Records contained in a dataset
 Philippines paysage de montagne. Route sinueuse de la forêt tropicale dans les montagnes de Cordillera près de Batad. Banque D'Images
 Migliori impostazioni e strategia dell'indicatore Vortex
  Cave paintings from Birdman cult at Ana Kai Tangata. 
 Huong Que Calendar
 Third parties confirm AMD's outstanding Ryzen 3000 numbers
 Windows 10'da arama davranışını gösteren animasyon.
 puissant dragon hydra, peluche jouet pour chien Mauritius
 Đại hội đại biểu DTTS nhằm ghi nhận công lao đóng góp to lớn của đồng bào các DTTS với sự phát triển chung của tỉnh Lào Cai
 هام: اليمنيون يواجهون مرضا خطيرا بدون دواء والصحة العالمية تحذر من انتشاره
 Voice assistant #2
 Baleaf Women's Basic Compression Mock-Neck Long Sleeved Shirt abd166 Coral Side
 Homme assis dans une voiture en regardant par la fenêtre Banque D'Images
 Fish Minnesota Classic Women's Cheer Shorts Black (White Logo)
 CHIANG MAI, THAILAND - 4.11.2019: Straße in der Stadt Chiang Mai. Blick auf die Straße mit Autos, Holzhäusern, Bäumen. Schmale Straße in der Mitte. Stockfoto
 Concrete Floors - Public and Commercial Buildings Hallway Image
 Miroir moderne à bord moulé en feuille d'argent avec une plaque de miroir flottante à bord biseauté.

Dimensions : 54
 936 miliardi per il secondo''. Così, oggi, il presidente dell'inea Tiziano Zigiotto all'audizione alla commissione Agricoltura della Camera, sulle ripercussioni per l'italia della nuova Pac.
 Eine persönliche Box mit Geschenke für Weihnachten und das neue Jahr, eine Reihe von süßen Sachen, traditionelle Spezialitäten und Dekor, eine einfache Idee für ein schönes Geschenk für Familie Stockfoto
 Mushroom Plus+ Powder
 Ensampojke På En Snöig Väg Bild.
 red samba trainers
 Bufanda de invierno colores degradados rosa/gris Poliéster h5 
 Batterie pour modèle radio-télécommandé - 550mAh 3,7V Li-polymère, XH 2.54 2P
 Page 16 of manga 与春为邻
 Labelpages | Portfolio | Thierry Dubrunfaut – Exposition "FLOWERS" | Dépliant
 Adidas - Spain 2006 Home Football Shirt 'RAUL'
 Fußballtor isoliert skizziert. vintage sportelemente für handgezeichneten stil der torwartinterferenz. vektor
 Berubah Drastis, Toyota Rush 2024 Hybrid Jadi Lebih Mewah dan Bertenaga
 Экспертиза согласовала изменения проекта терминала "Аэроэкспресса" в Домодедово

▶ ACTIVITY:
Please output only the lines from the first line of the entries through the line with "Huong Que Calendar", both included, exactly as written.

▶ PROBLEM SOLUTION:
 Philippines paysage de montagne. Route sinueuse de la forêt tropicale dans les montagnes de Cordillera près de Batad. Banque D'Images
 Migliori impostazioni e strategia dell'indicatore Vortex
  Cave paintings from Birdman cult at Ana Kai Tangata. 
 Huong Que Calendar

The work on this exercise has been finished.